──────── COLLECTED DATA ────────
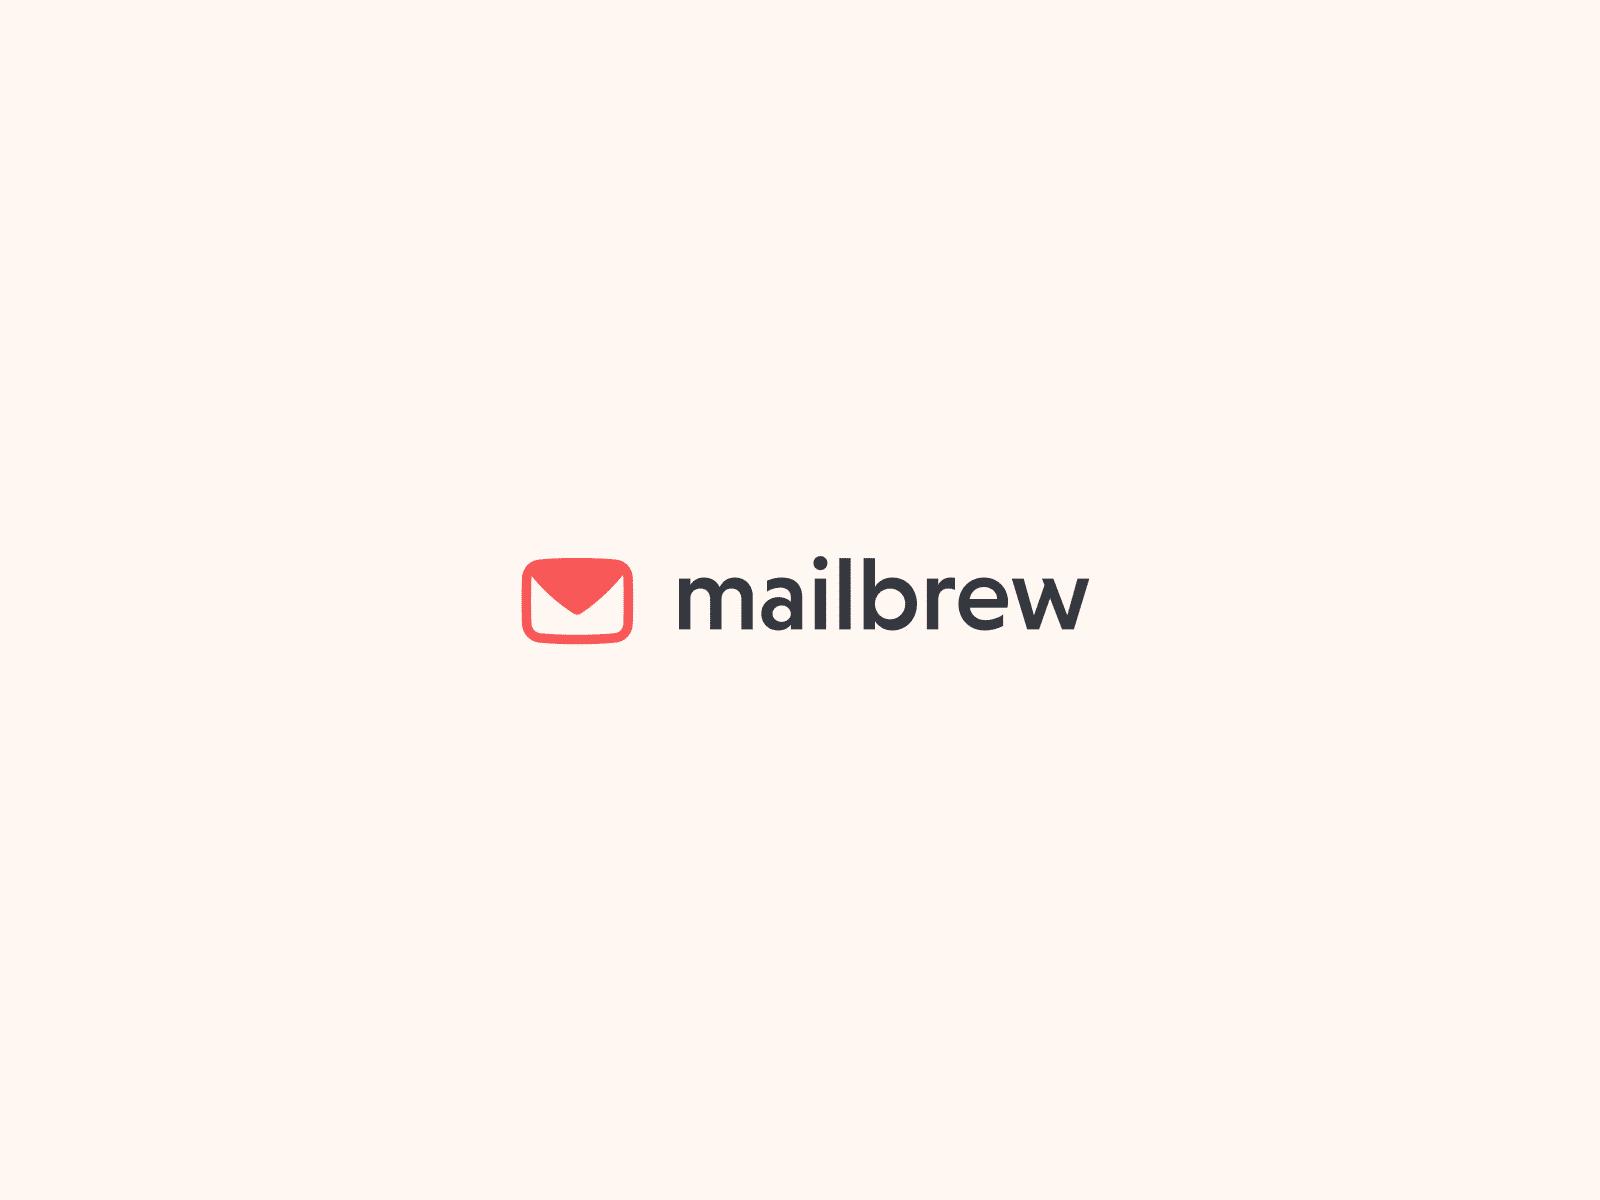 Mailbrew logo
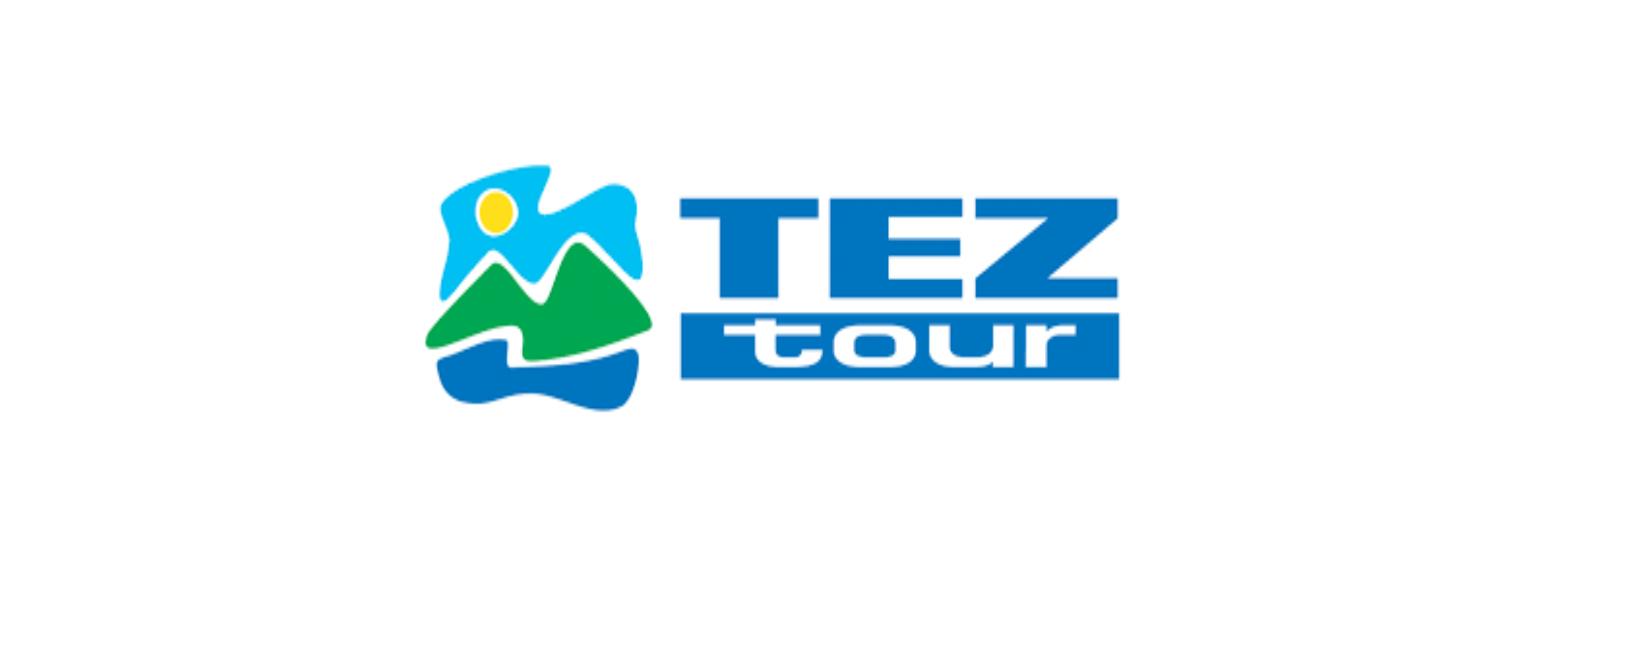 Tez Tour Discount Code 2021
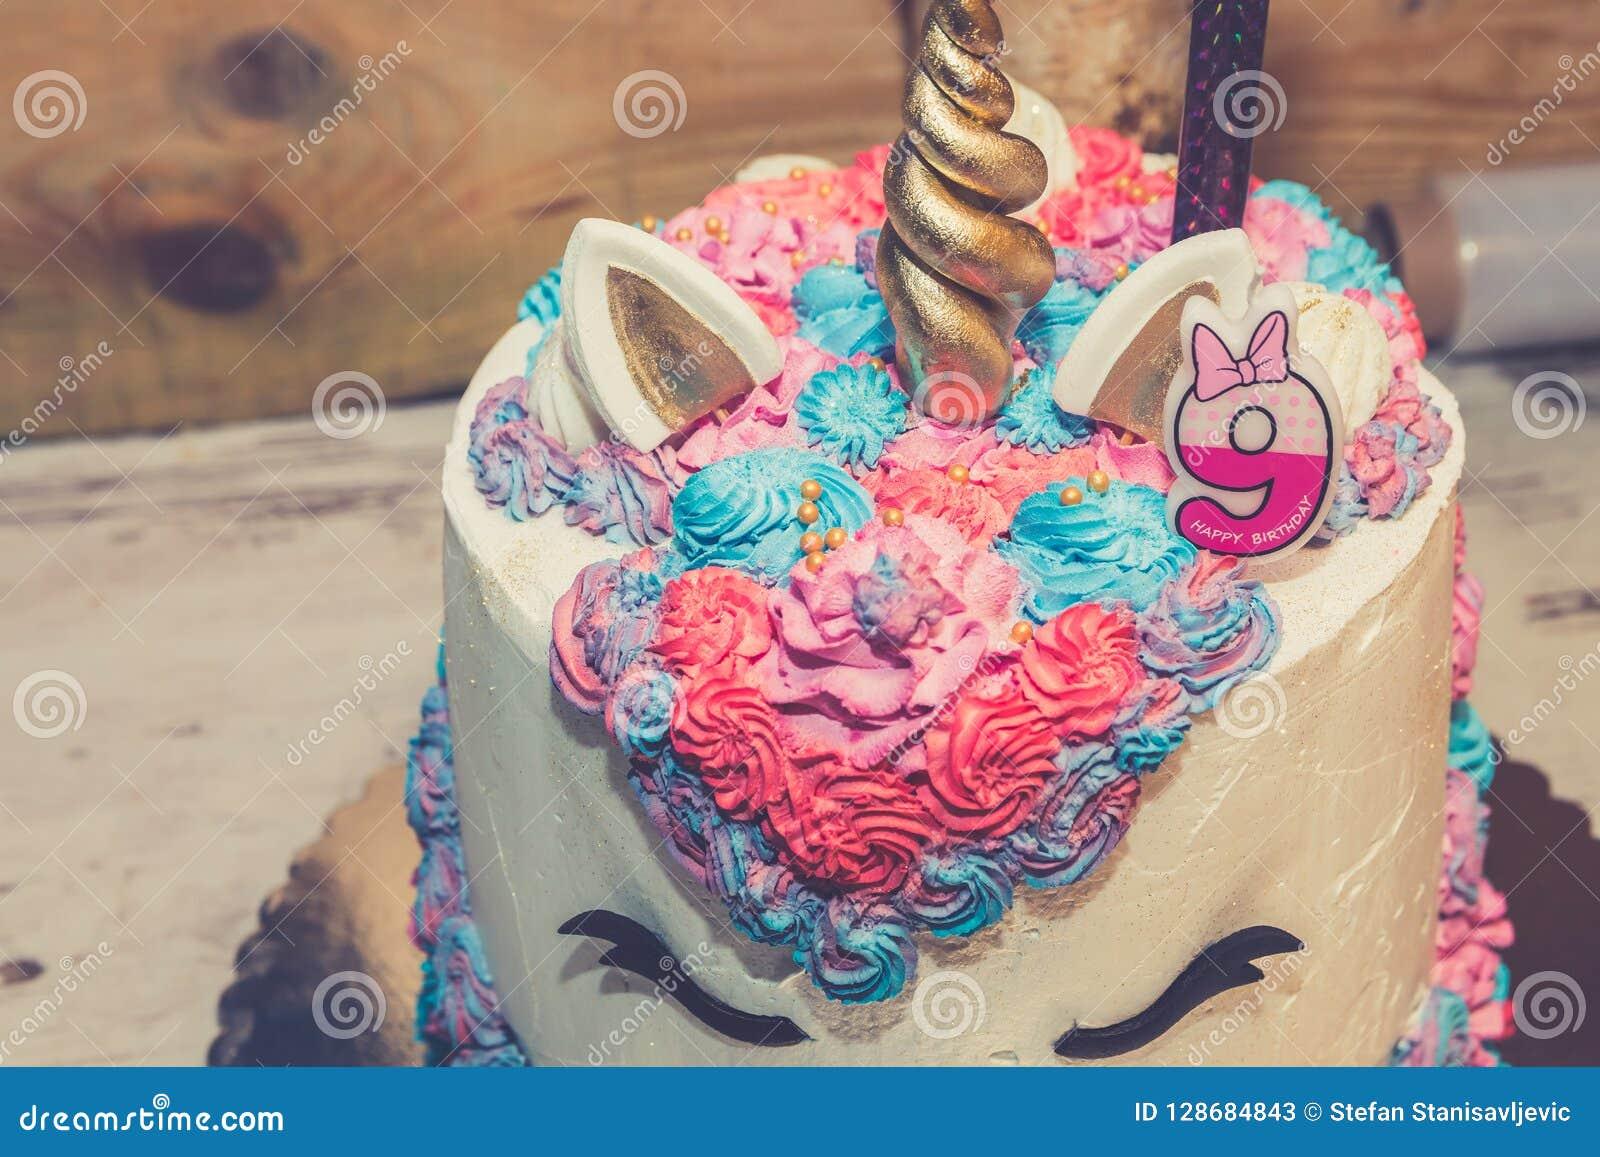 Unicorn birthday cake stock image. Image of eyes, girls - 128684843
────────
The result should be the same data as above, line for line, with the pictures gone.

SOLUTION TO THIS EXERCISE -
 Mailbrew logo
 Tez Tour Discount Code 2021
 Unicorn birthday cake stock image. Image of eyes, girls - 128684843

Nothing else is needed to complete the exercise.